Other times, the great feast days of the Church are, sad to say, an excuse for me to eat more or to break a fast.  St. Joseph's feast day in Lent is exciting because it is just that, a feast day.  But as being a parent often challenges me to be more conscious about my behavior, dreaming of raising a good Catholic family on which these feast days are significant for more reasons than that we absolutely have to go to Mass or... what a great reason to run down the street and get Chipotle--my dreams also include relaying to my children why we are celebrating in the first place.  What is taking place?  Why rejoice in such a particular way today, this day that Mary assumed into Heaven?  What does that have to do with us? 
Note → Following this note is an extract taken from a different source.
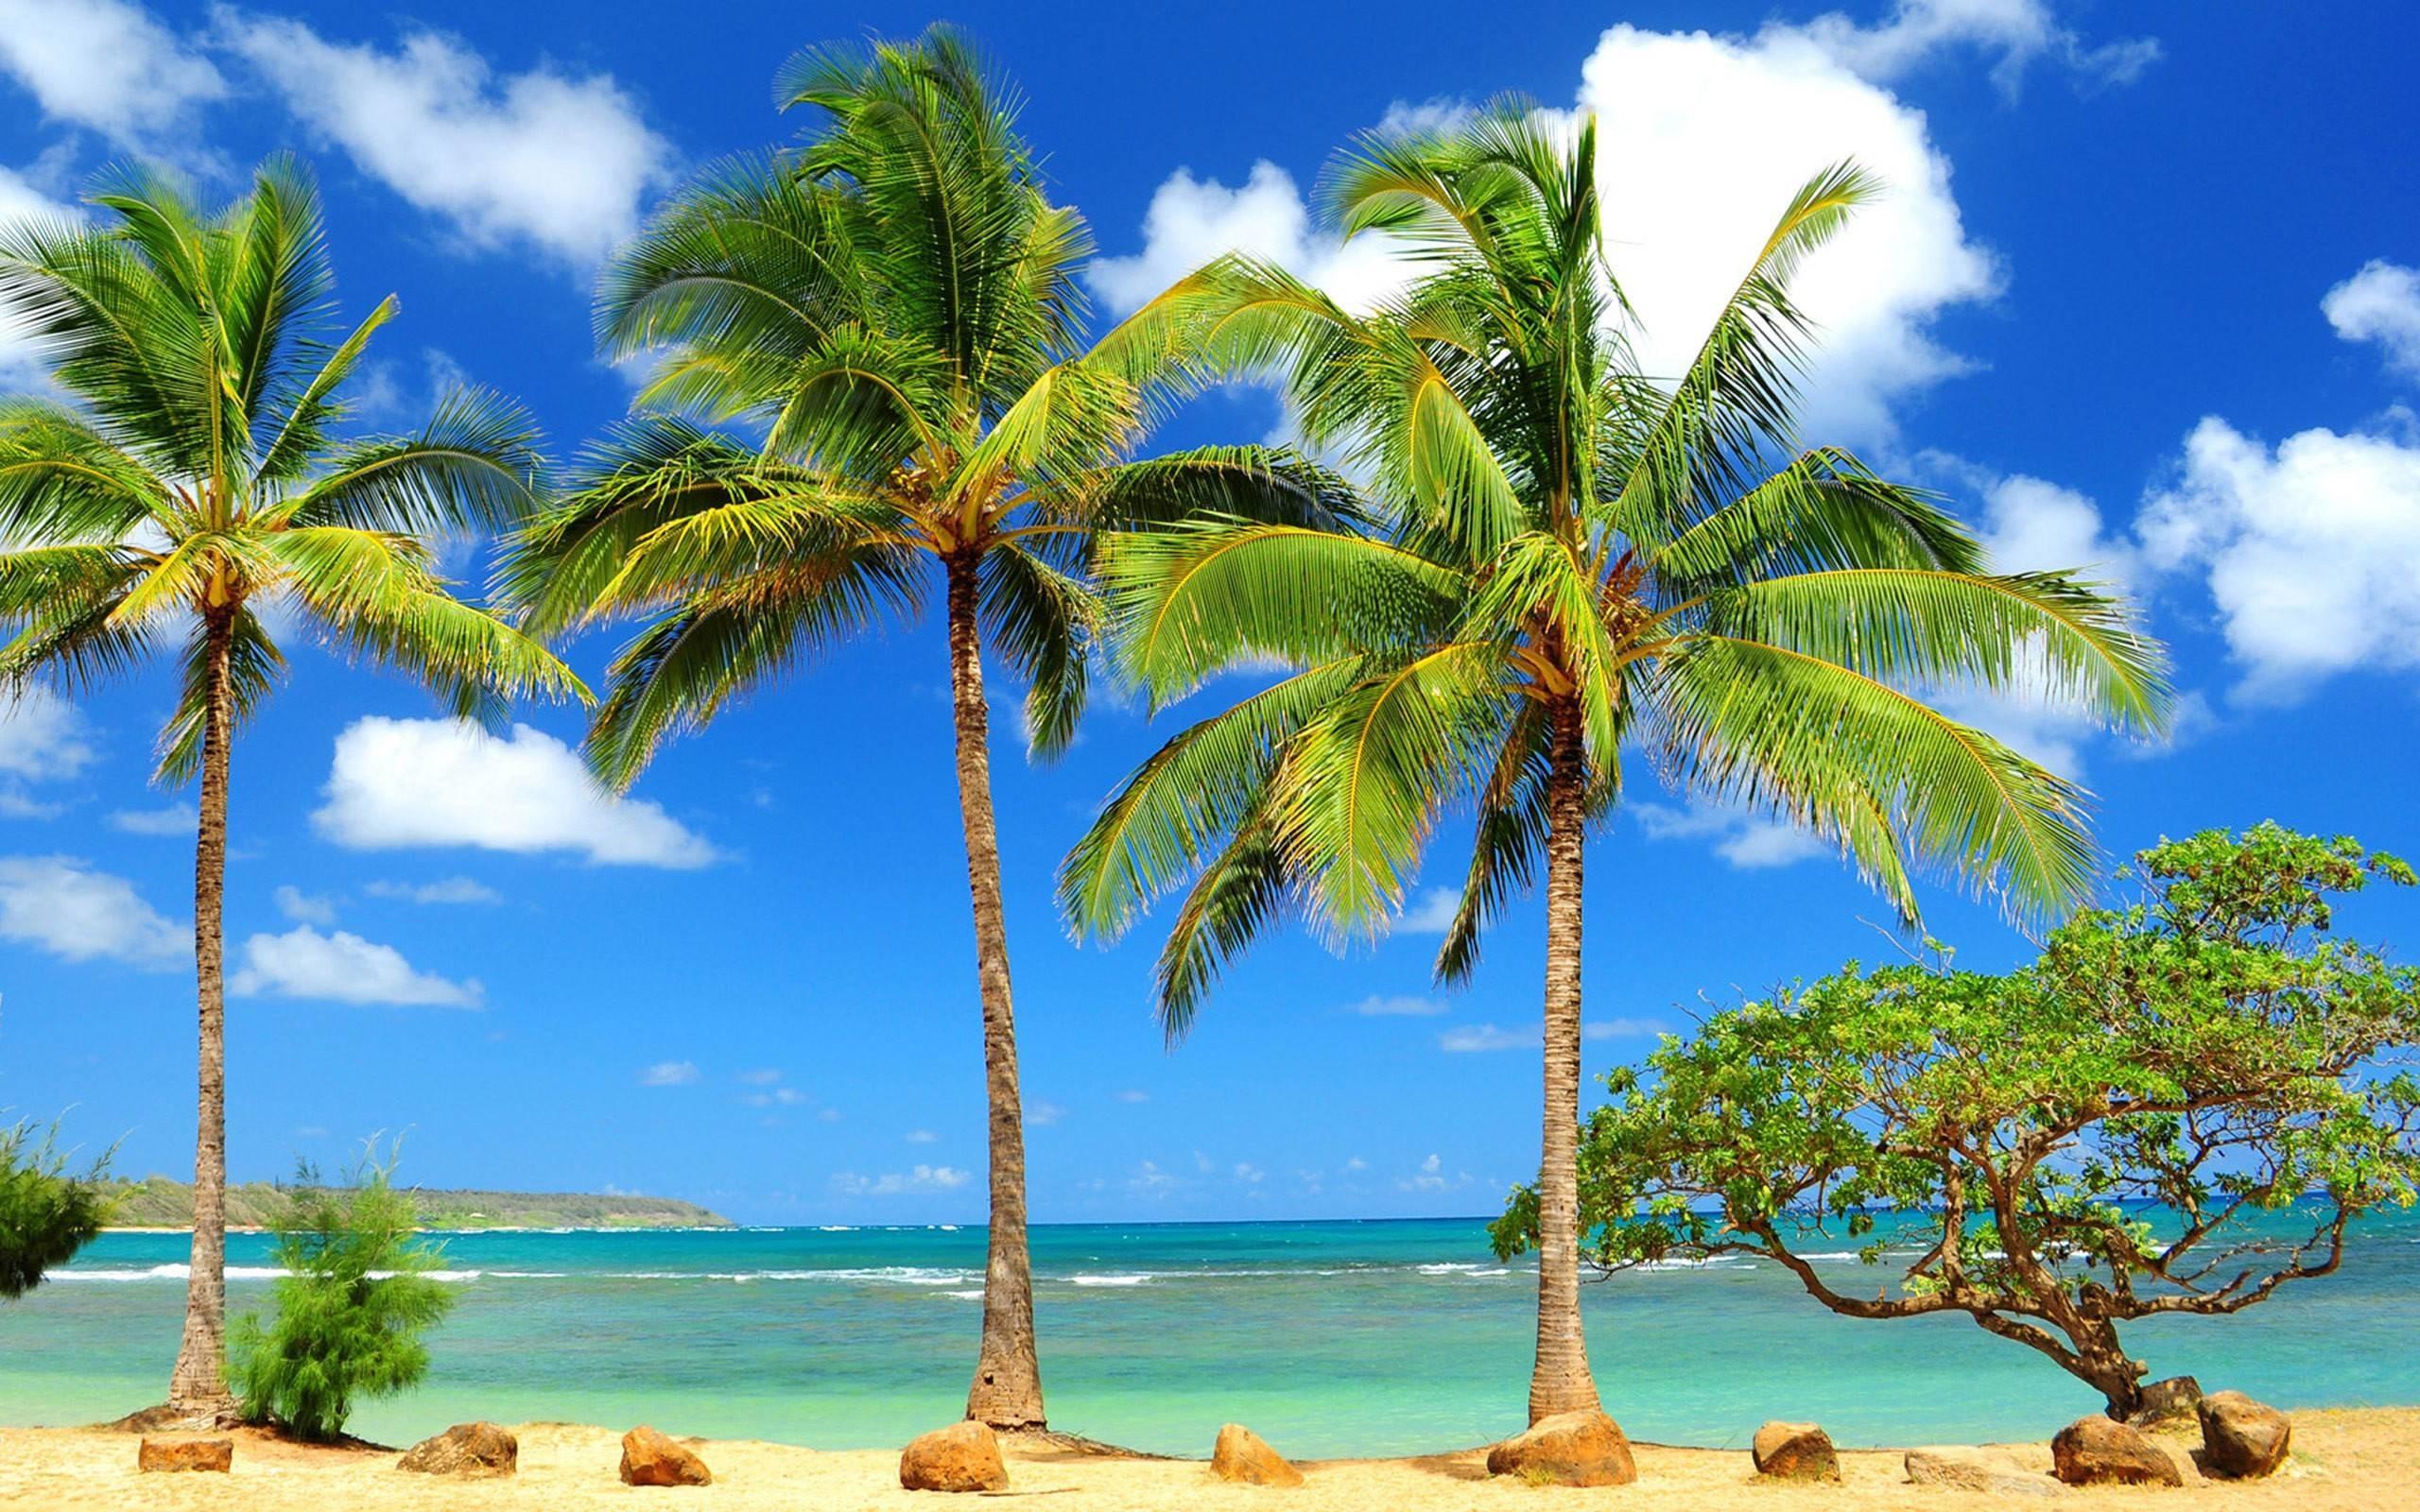 Beach Palm Tree HD Wallpaper Free Download | HD Free Wallpapers .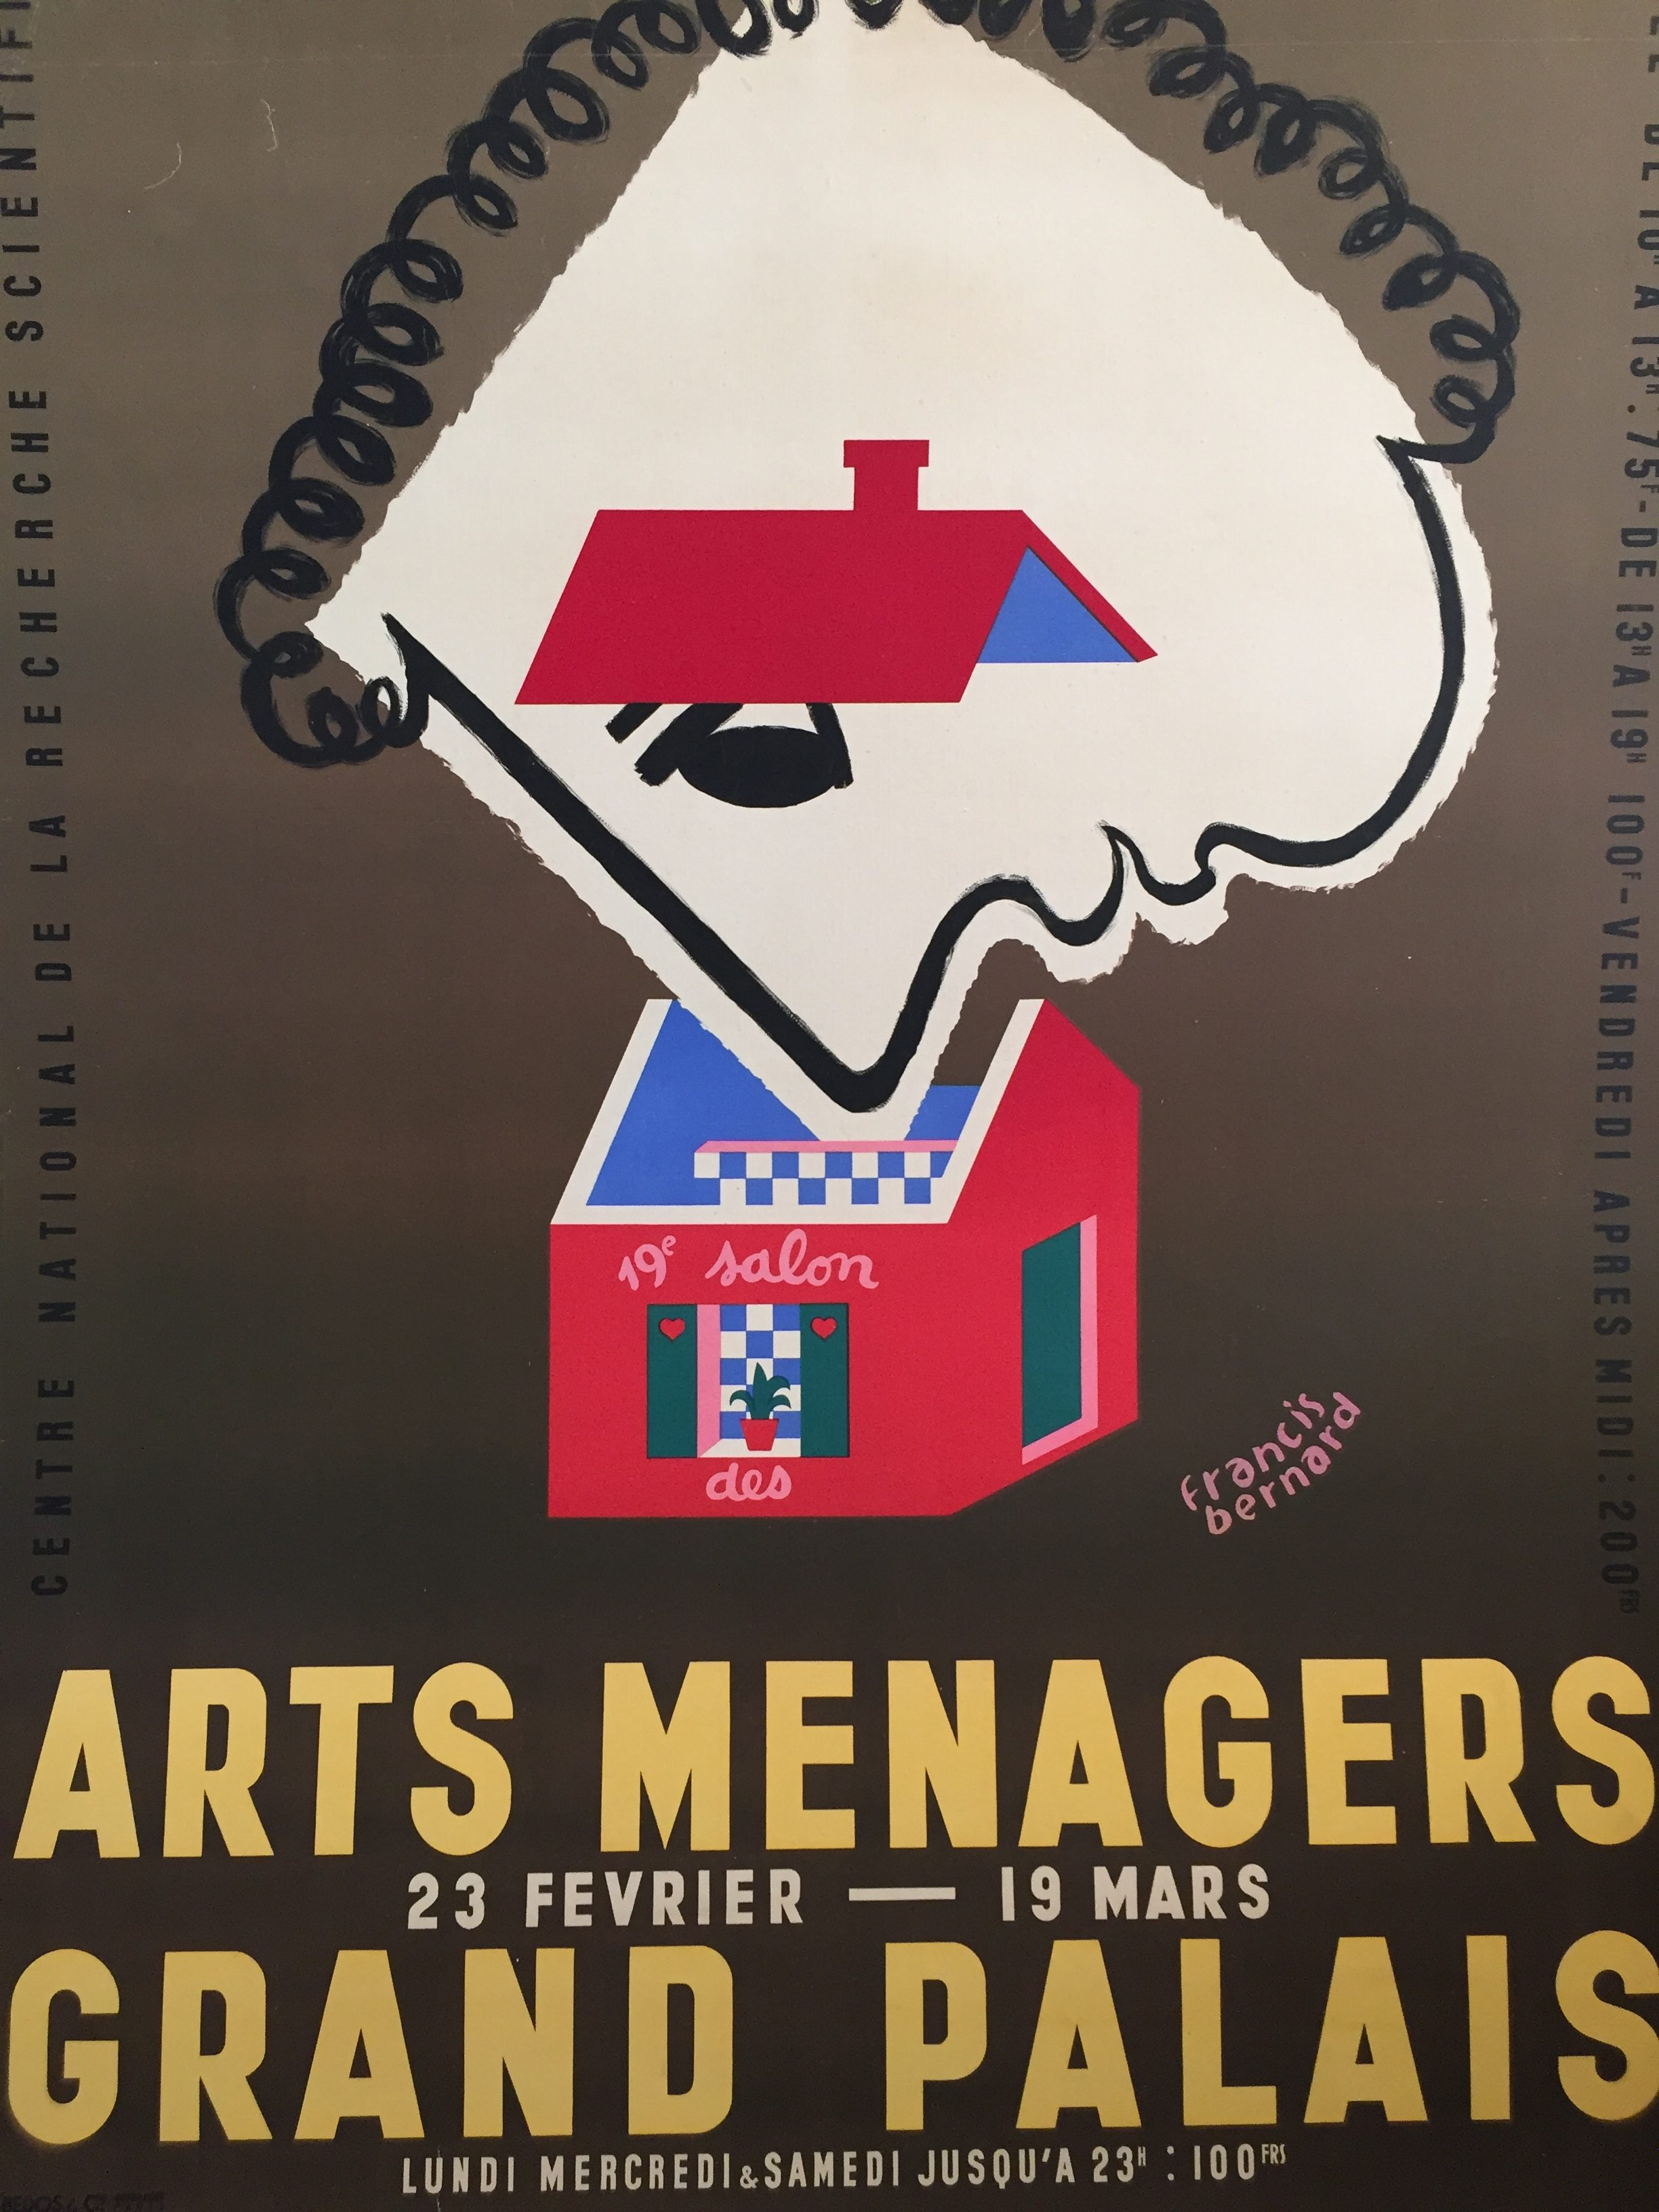 Arts Menagers Grand Palais Original Vintage Poster

This morning in prayer I ended up surfing the internet for reflections on this special day, and was struck by words of Pope John Paul II saying that Mary leads the way for us into Heaven.  She shows us the power of Christ's triumph.  She is the first victim of God's mercy, she who was protected from even sinning in the first place, and who is first in line to experience His glory.  God shows us in her what will be for us.  This is good news! 

I still am hungry for more knowledge about this day and for a deeper encounter with Mary and Jesus in these mysteries, but I want to share one other comforting reflection.  I am probably not the only mother who often is gripped with anxiety over harm coming to my children.  Of all of these things I attempt to surrender to God and His providence, the lives of my children are the most difficult.  I find myself returning again and again to this breach in my relationship with Christ, because I can't seem to bring myself to trust Him with this.  Lately I have had an image that brings me closer to peace when I am swamped by these fears, and it is also significant to this feast day of Our Lady.  When Agnes gets hurt, she is hurt for but a moment, and I hold her in my arms until she is ok again.  My love for her is what she desires the most when she has to go through pain.  If I have this much love for my child, and if she is so consoled by me, so imperfect a mother, how much more, when death takes her, will Mary, the most perfect of mothers, and perfect in love, be able to hold her, to comfort her, to bring her rejoicing into beautiful Heaven.  How much confidence I can have in our Mother to care for my child if I am absent? 

Granted this latter reflection is probably not the one I will share with my little children around the feast day dinner table, but I will have more to share with them about death's failure to triumph, about our mother who waits for us in Heaven, about our own resurrection, and about Christ, who is the ultimate Prize, and so completely available to us always.